*WORK INSTRUCTION*. The data below contains pictures, which are to be skipped; the lines starting at the line with "Monolith Black Aesthetic" and ending at the line with "Make-Ahead Black Bean" are to be output exactly, both ends included.

*DATASET RECORDS*.
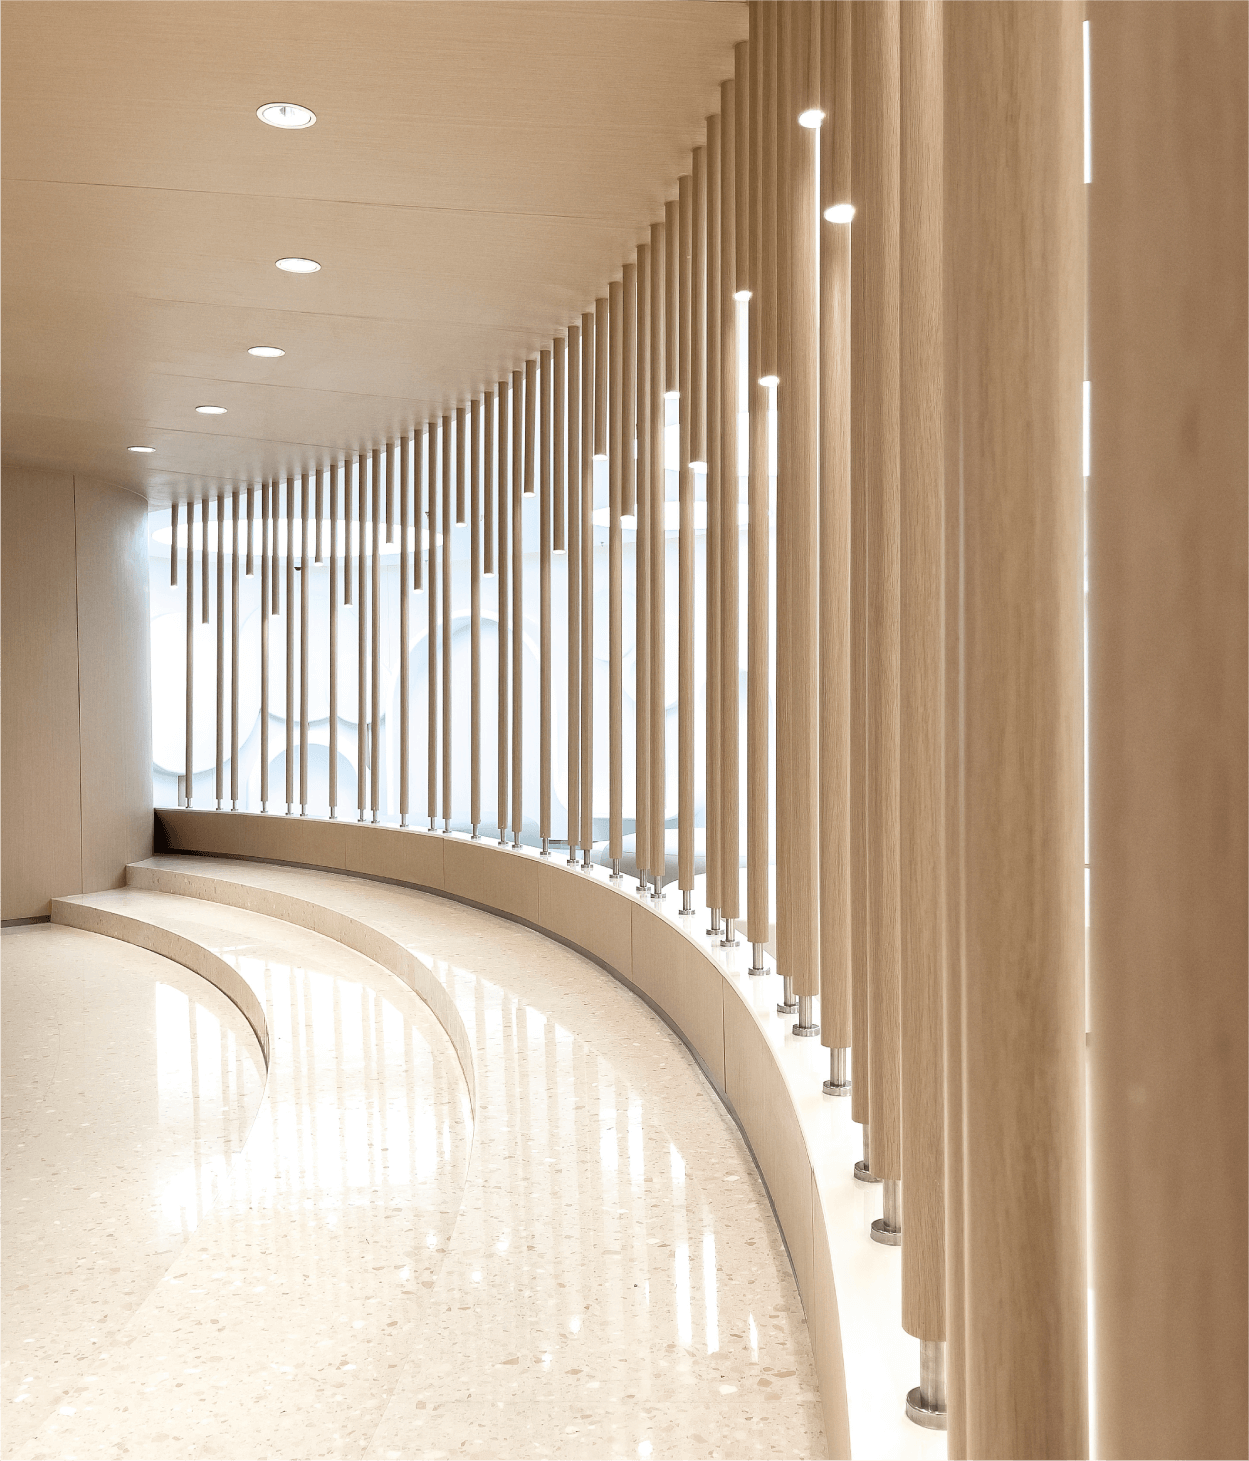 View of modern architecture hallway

* * *

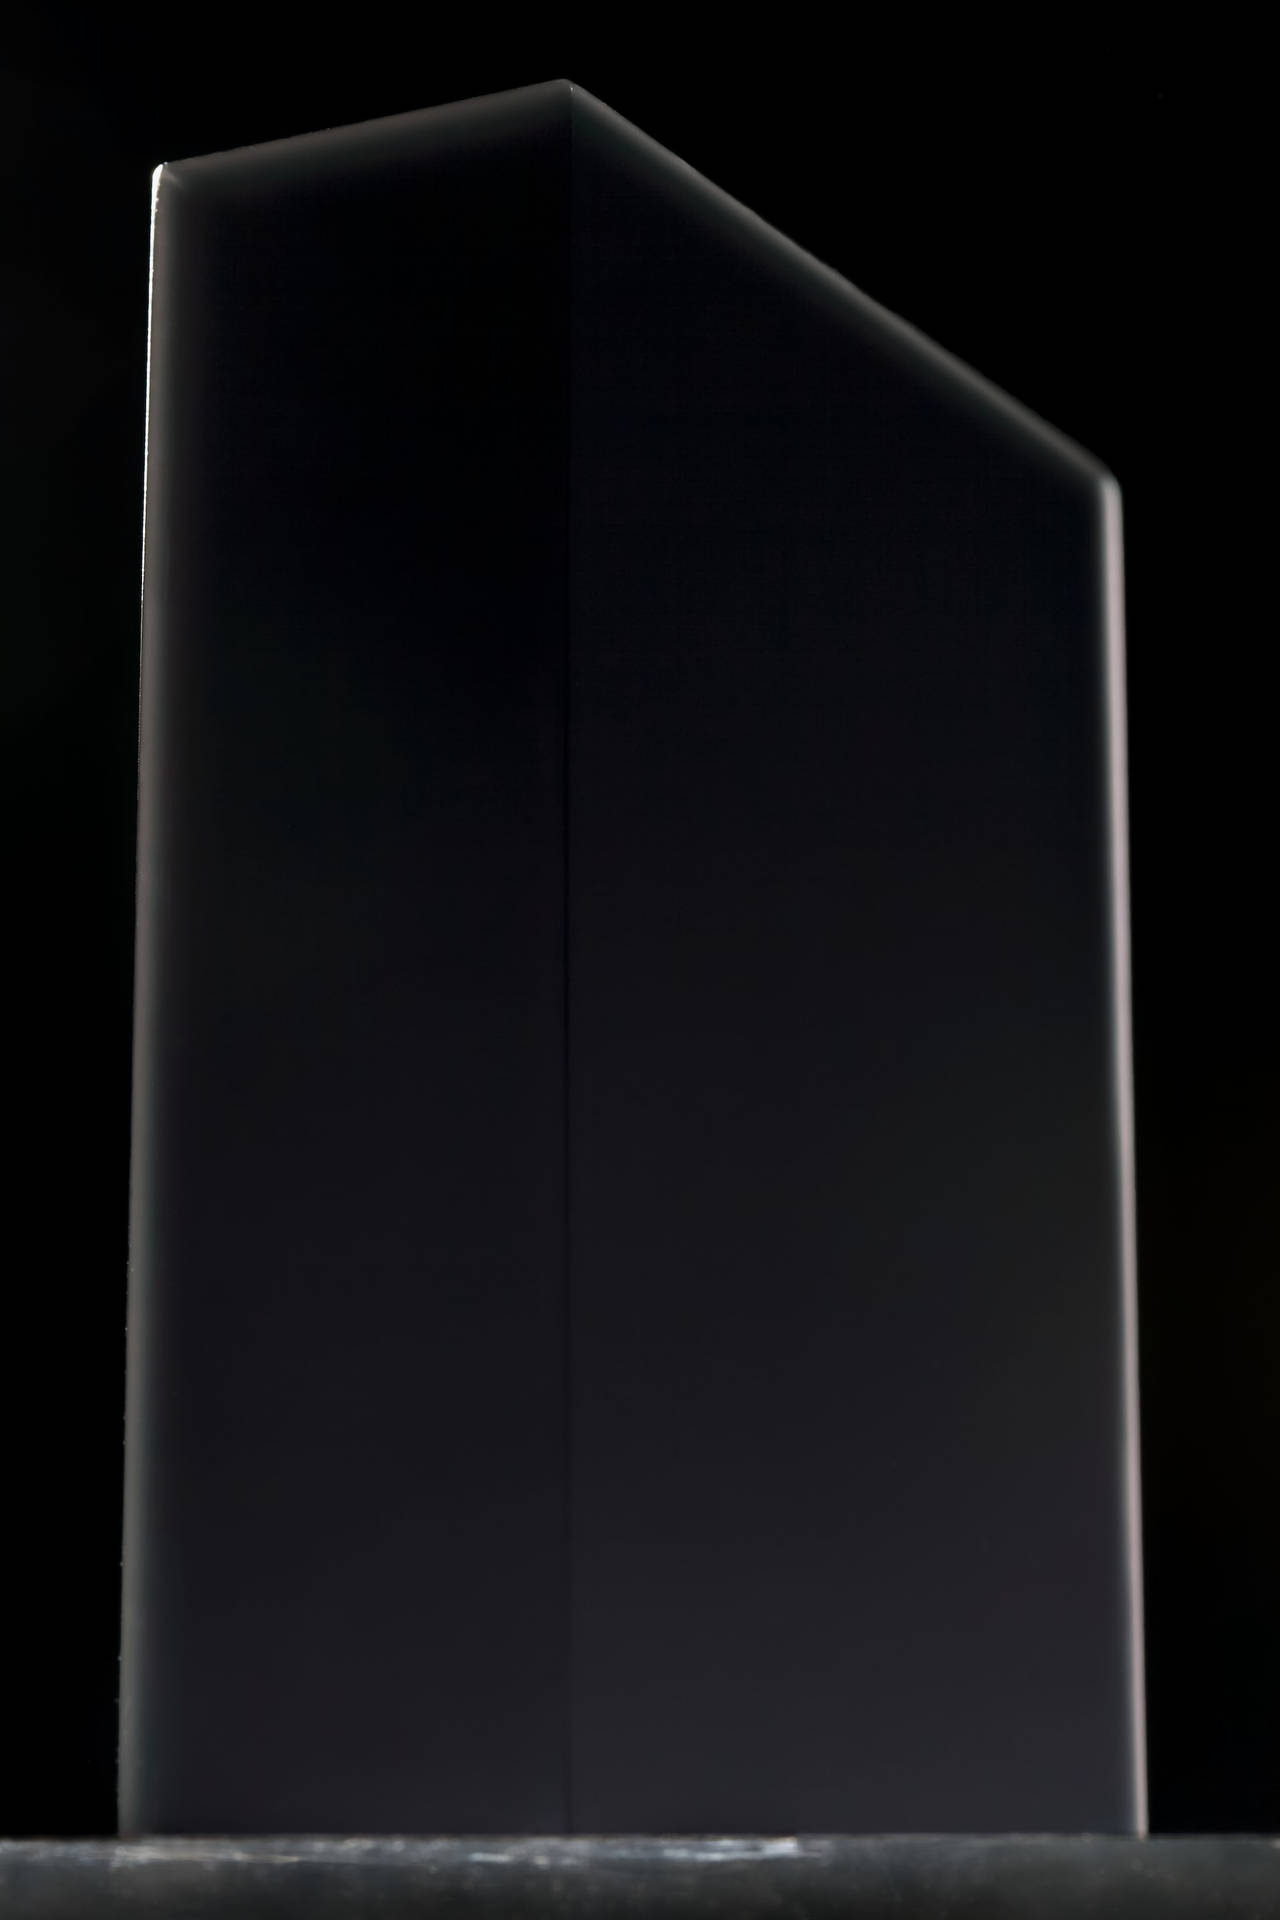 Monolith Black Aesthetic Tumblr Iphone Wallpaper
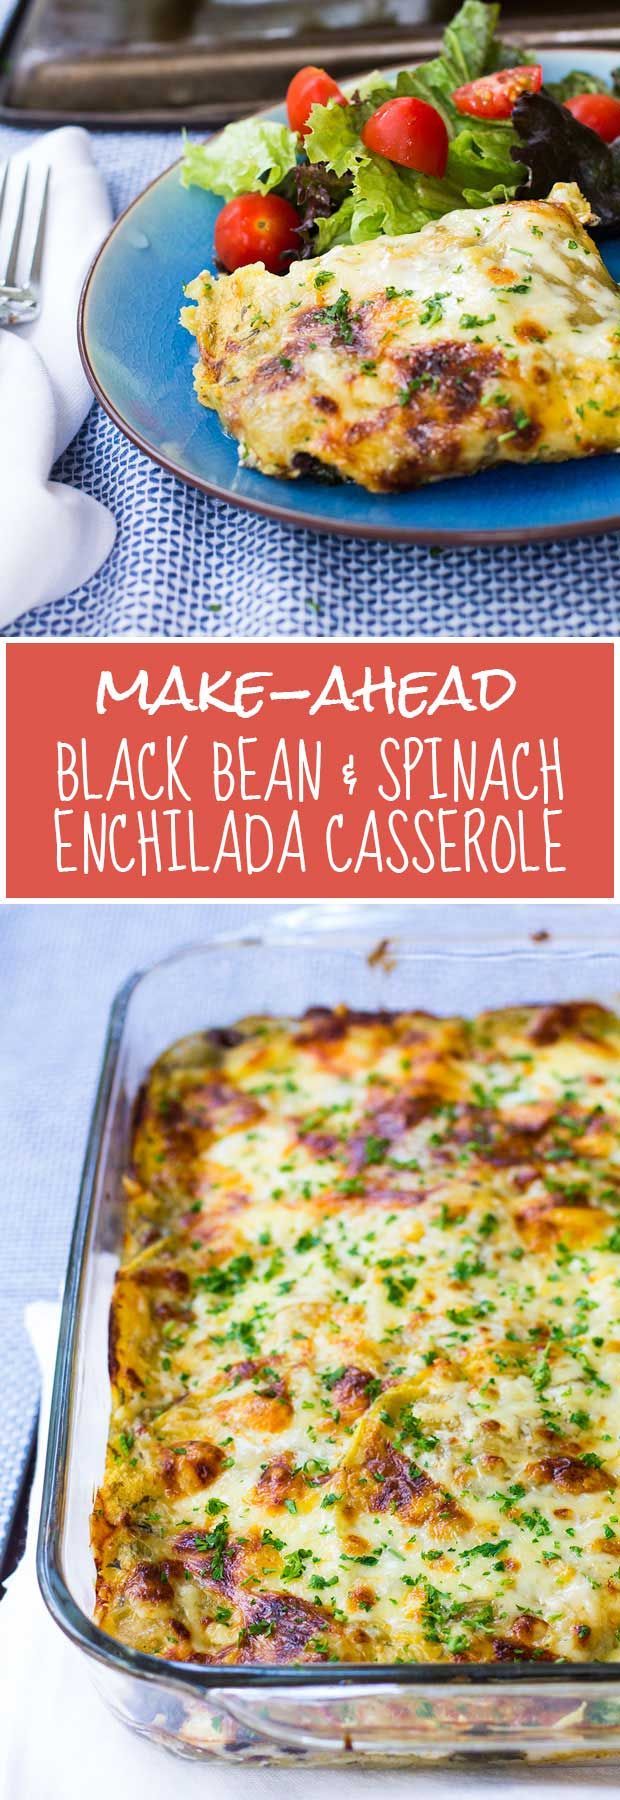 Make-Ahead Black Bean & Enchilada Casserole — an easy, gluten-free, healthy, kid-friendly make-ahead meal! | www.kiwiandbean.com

*ANSWER BOX*.
 Monolith Black Aesthetic Tumblr Iphone Wallpaper
 Make-Ahead Black Bean & Enchilada Casserole — an easy, gluten-free, healthy, kid-friendly make-ahead meal! | www.kiwiandbean.com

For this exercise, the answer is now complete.